Coba kita perhatikan ketika Allah Subhanahu wa Ta’ala berfirman di dalam Al-Qur’an, di dalam surat Al-Insan tentang anugerah diturunkannya Al-Qur’an kepada manusia:
إِنَّا نَحْنُ نَزَّلْنَا عَلَيْكَ الْقُرْآنَ تَنزِيلًا ﴿٢٣﴾
“Sesungguhnya Kamilah yang menurunkan Al-Qur’an kepadamu (wahai Rasulullah) dengan sebenar-benarnya.” (QS. Al-Insan[76]: 23)
Ini adalah anugerah dan karunia. Allah Subhanahu wa Ta’ala berfirman setelah itu apa? Seharusnya kan: “bergembiralah dengan anugerah Allah, bersyukurlah.” Tapi justru Allah berfirman:
فَاصْبِرْ لِحُكْمِ رَبِّكَ وَلَا تُطِعْ مِنْهُمْ آثِمًا أَوْ كَفُورًا ﴿٢٤﴾
“Maka bersabarlah kamu dalam menghadapi hukum-hukum Allah.” (QS. Al-Insan[76]: 23)

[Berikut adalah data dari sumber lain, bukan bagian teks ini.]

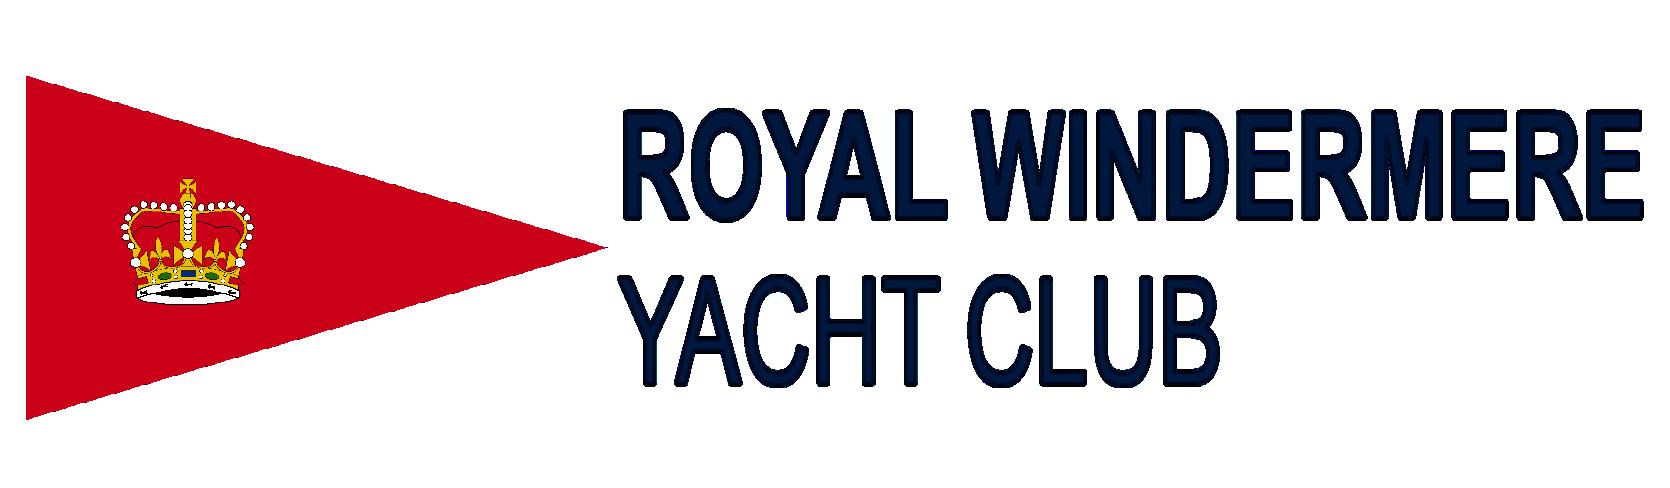 Royal Windermere Yacht Club
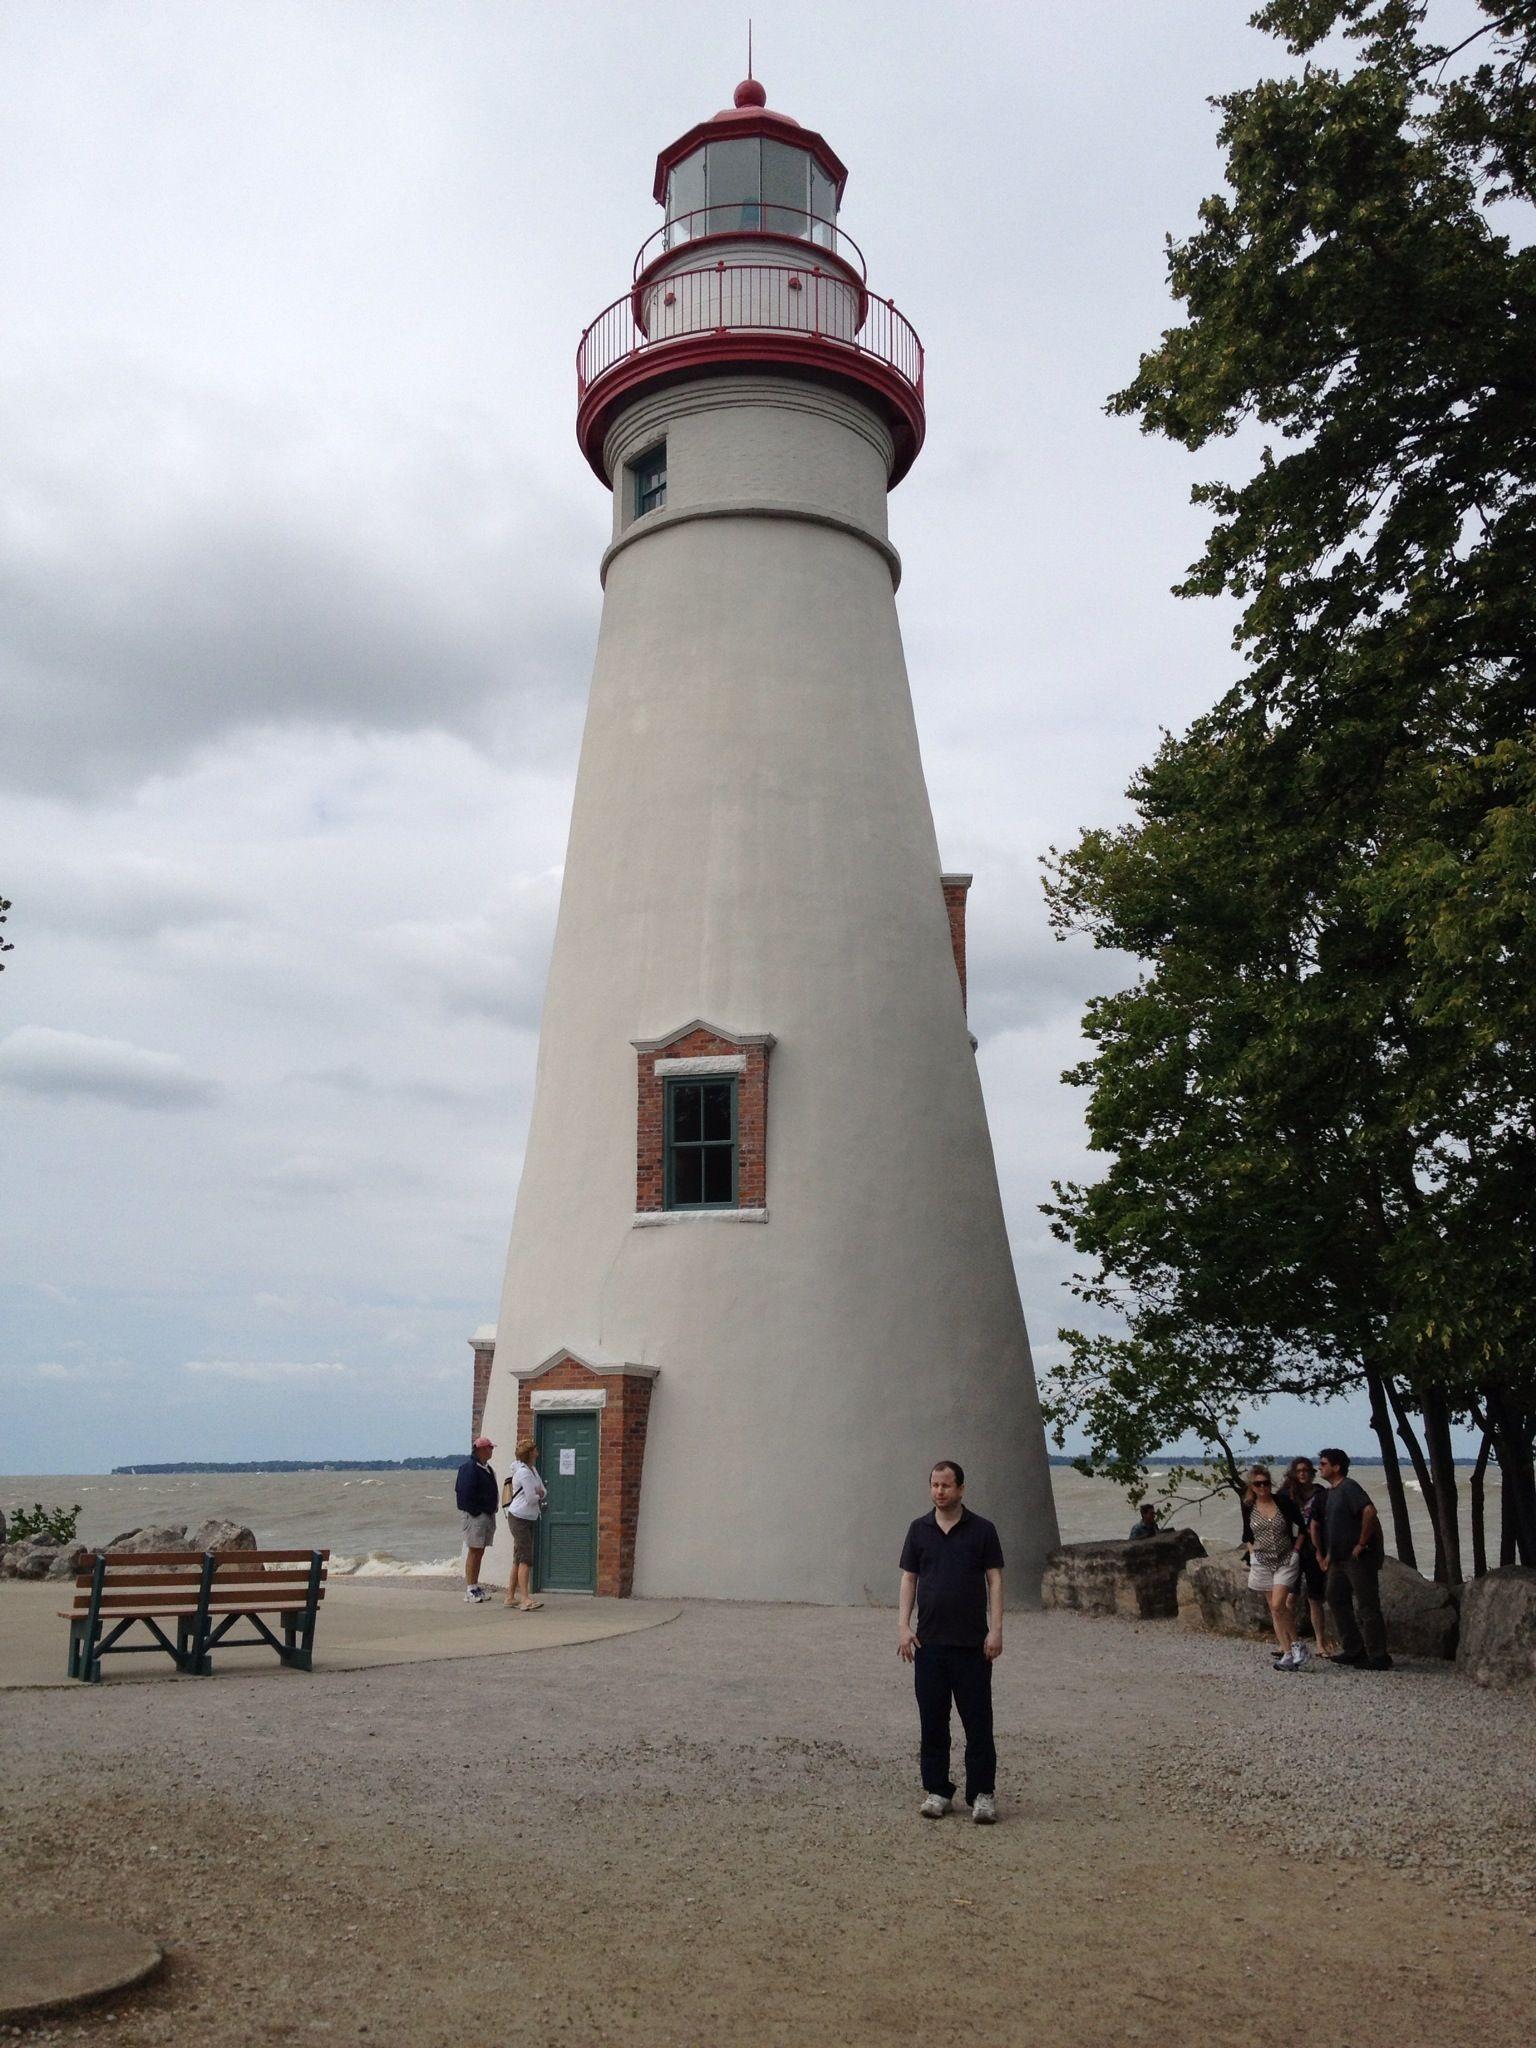 Lighthouse Marblehead Near Sandusky Ohio USA windy day

“Bersabar”, di sinilah sabar itu dibutuhkan dalam iman, sabar dalam menundukkan hawa nafsu untuk tidak terpengaruh dan mengutamakan apa-apa yang terlihat dibandingkan hal-hal yang ghaib yang disiapkan oleh Allah Subhanahu wa Ta’ala untuk kemuliaan hamba-hambaNya.
Ini menggambarkan kepada kita tentang pentingnya untuk meluruskan hal-hal yang ada dalam diri kita agar bisa mengikuti petunjuk Allah Subhanahu wa Ta’ala. Dan di sini diperlukan yang namanya kesabaran dalam menundukkan hawa nafsu di jalan Allah Subhanahu wa Ta’ala.
Ini kita sebutkan karena ini jalur satu-satunya untuk meraih takwa. Tidak akan terjadi seseorang itu bisa meraih ketakwaan yang sempurna kalau dia tidak melalui perjuangan menundukkan hawa nafsu di awal-awal dia berIslam. Sampai-sampai salah seorang ulama Salaf ada yang berkata:
انتهى سفر الطالبين إلى الظفر بأنفسهم.
“Akan selesai sampai kepada tujuan perjalanan orang-orang yang mencari ridha Allah ketika mereka telah berhasil menundukkan nafsu-nafsu mereka di jalan Allah Subhanahu wa Ta’ala.”